A time to move closer toward that goodbye to my home parish. And to stand in the tension of finally having preached to the home flock for the first time,and to soak up their welcome, but also to know that I have probably sung my last Christmas Eve with them; my last Christmas Eve solo. Yet, to feel a peace in this new status after many months of angst over it.
And indeed to prepare the inlaws for the reality that we will not be with them next Christmas Eve, and to incur the blast of wrath for "taking them away just because of something you think you have to do." To be shopping with my mother who is still trying to buy me things I will not wear, in the time when there are only so many days outside of clerics.
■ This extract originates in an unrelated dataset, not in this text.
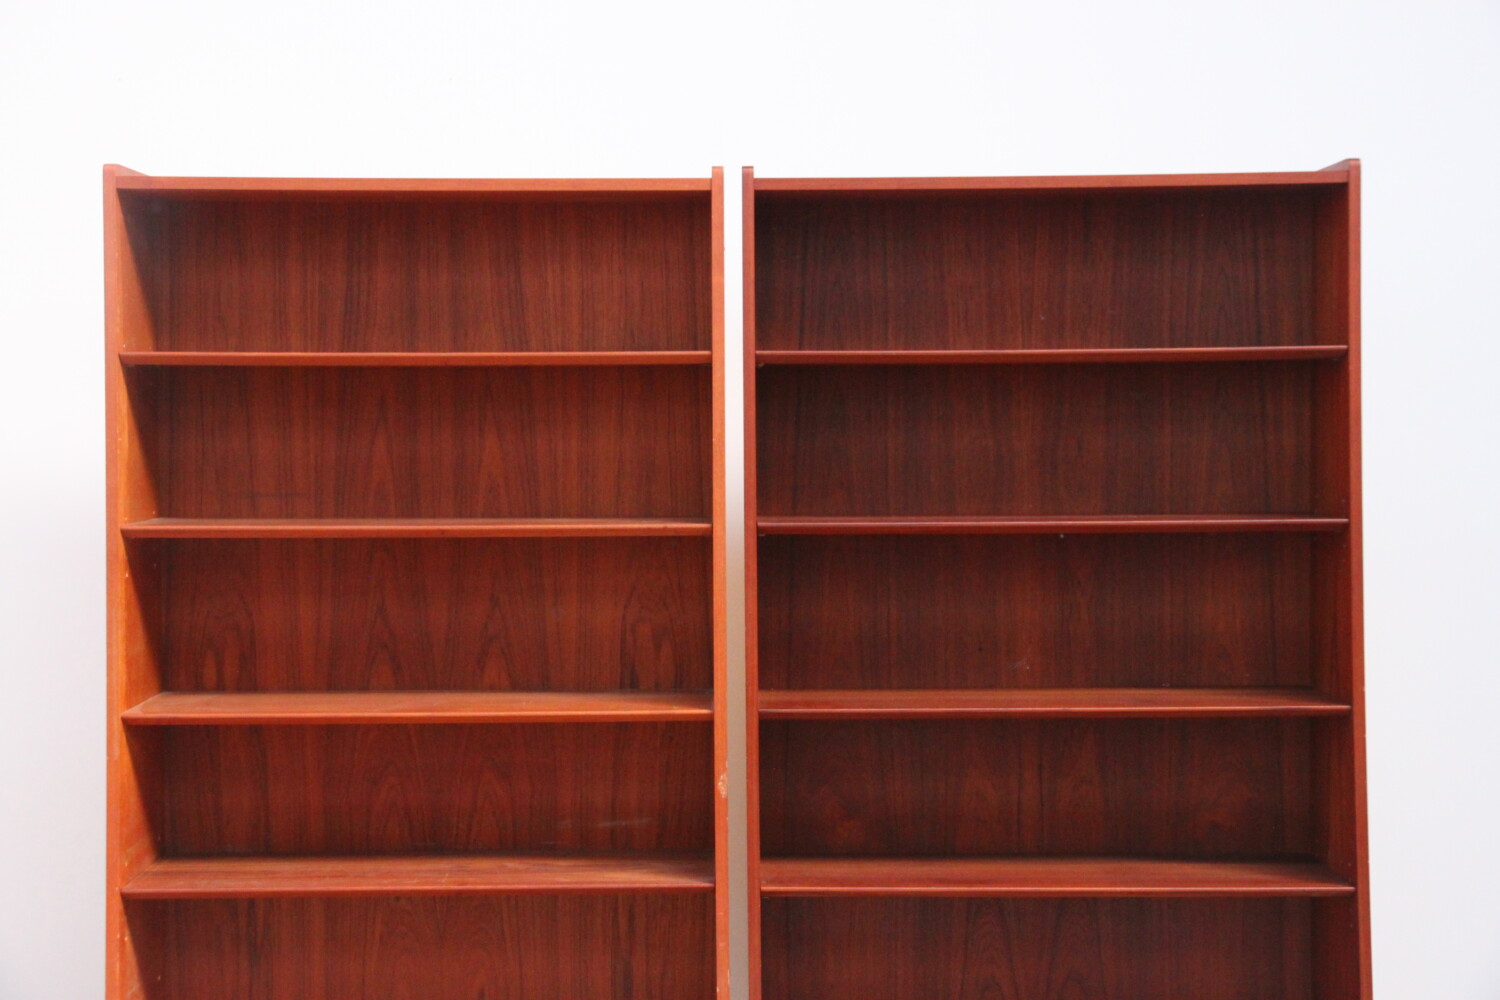 A Pair of Teak Bookcases by Bornholm Mobelfabrik

To hear her say she still cannot get that through her head, but to gently tell both women in my family that in fact over the next year, this change will come.
And finally ending the last vestige of my active legal practice- having now articulated when the last work will be for the two communities I represent, which happens to coincide with when my good friend and town manager is retiring, so we will "ride off into the sunset" at the same time, having had what will probably be the last business lunch before we each leave this community in different ways.
Between now and internship, and all of those classes, I continue working several times a month as a chaplain, and to this there is one more first and last. I have gone from the first day of CPE when the facility and all it entailed seemed impossible to fathom, to completing CPE. But now as I did this fall, again this week, I will be helping to train one of the new interns in a shadowing process and to recall where I have been in new ways.
While I am beginning to think about where God may place me for internship, I give thanks for the Spirit's showing that this pattern of firsts and lasts is not one we experience in isolation, but in prayer and contemplation, and in the community with all of those who are placed here in our midst as instruments to that purpose.